Calibration set size

For stable interval widths, target n_cal >= 2,000. The coverage guarantee holds with smaller calibration sets — split conformal is valid for any n_cal >= 1 — but with n_cal < 500 the quantile estimate has high variance and intervals will be materially wider and more variable than at larger sizes.
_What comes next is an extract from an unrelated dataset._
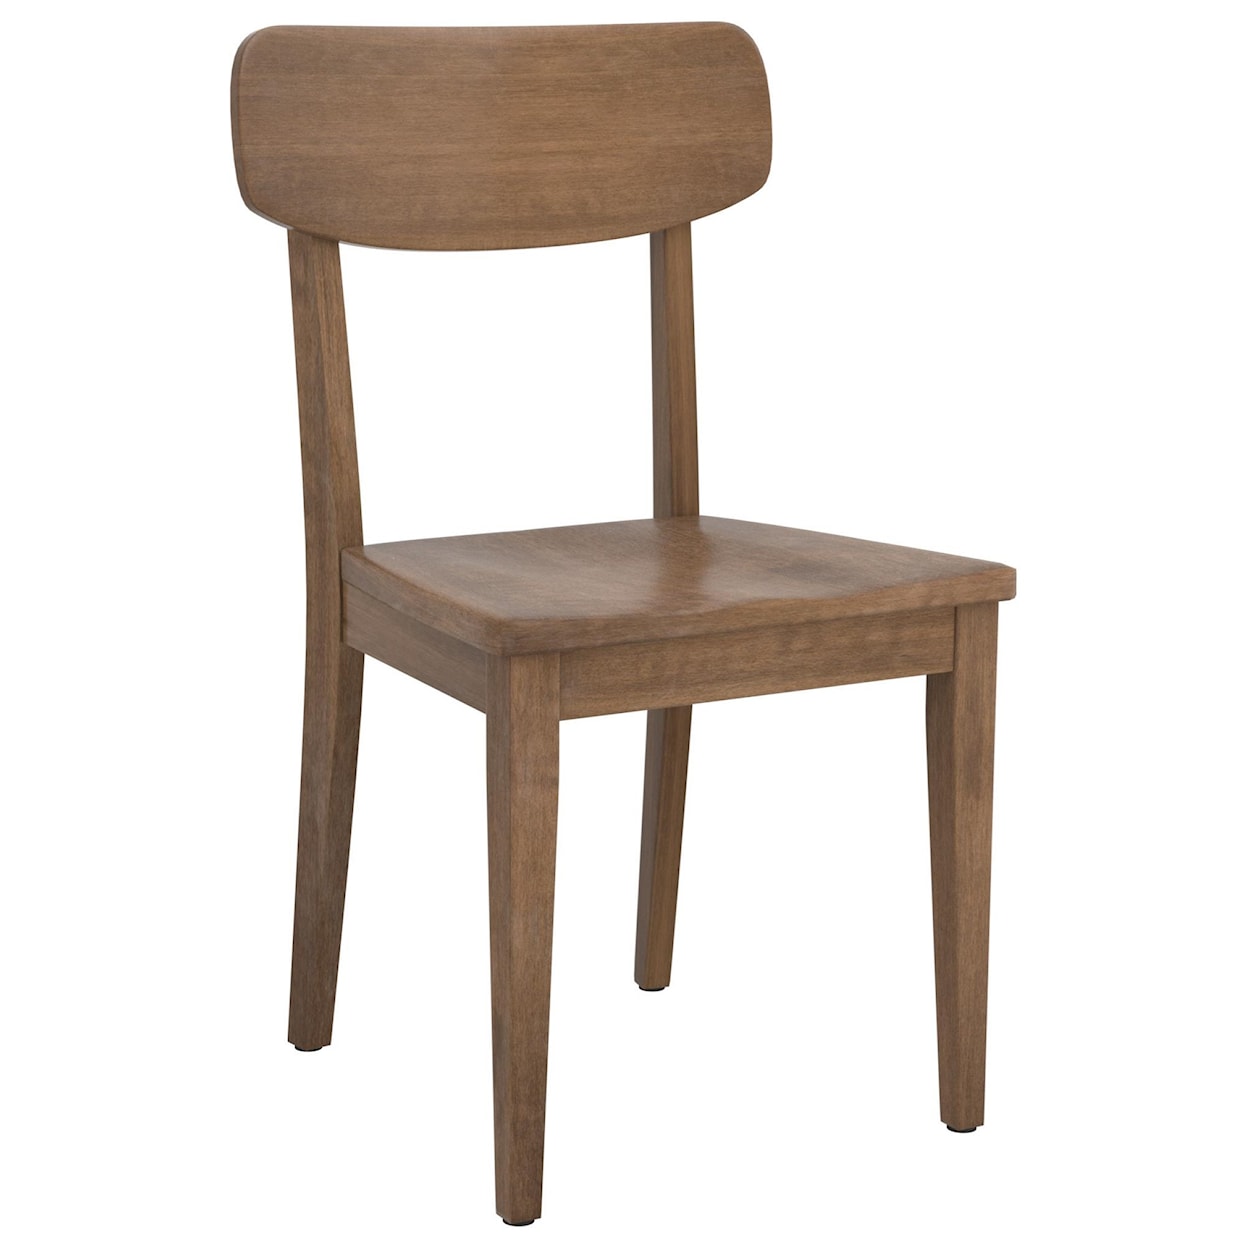 Wengerd Wood Products Shelby Side Chair

With n_cal = 100, the interval width fluctuates by 20-30% across random seeds on realistic insurance data. Pricing teams working with recent 6-month calibration windows on thin books should check the cp.summary() output for the quantile stability diagnostics.

Design choices

Split conformal, not cross-conformal. Cross-conformal is more statistically efficient but requires refitting the model on each calibration fold. For GBMs that take hours to train, this is not practical. Split conformal trains once, calibrates once.

No MAPIE dependency. MAPIE is excellent but it does not expose the insurance-specific scores implemented here. The split conformal algorithm is simple enough to own: 20 lines of code for conformal_quantile() plus the score functions.

LightGBM or CatBoost for the spread model. LocallyWeightedConformal now supports both. CatBoost is the default; pass backend="lightgbm" to use LightGBM instead (requires uv add "insurance-conformal[lightgbm]"). The Manna et al. arXiv:2507.06921 paper originally used LightGBM, so this option closes that gap. Both backends take the same spread_model_params override. There is no material coverage difference between the two — pick whichever is already in your stack.

Lower bound clipped at 0. Insurance losses are non-negative. Prediction intervals with negative lower bounds are nonsensical. We clip at 0 unconditionally.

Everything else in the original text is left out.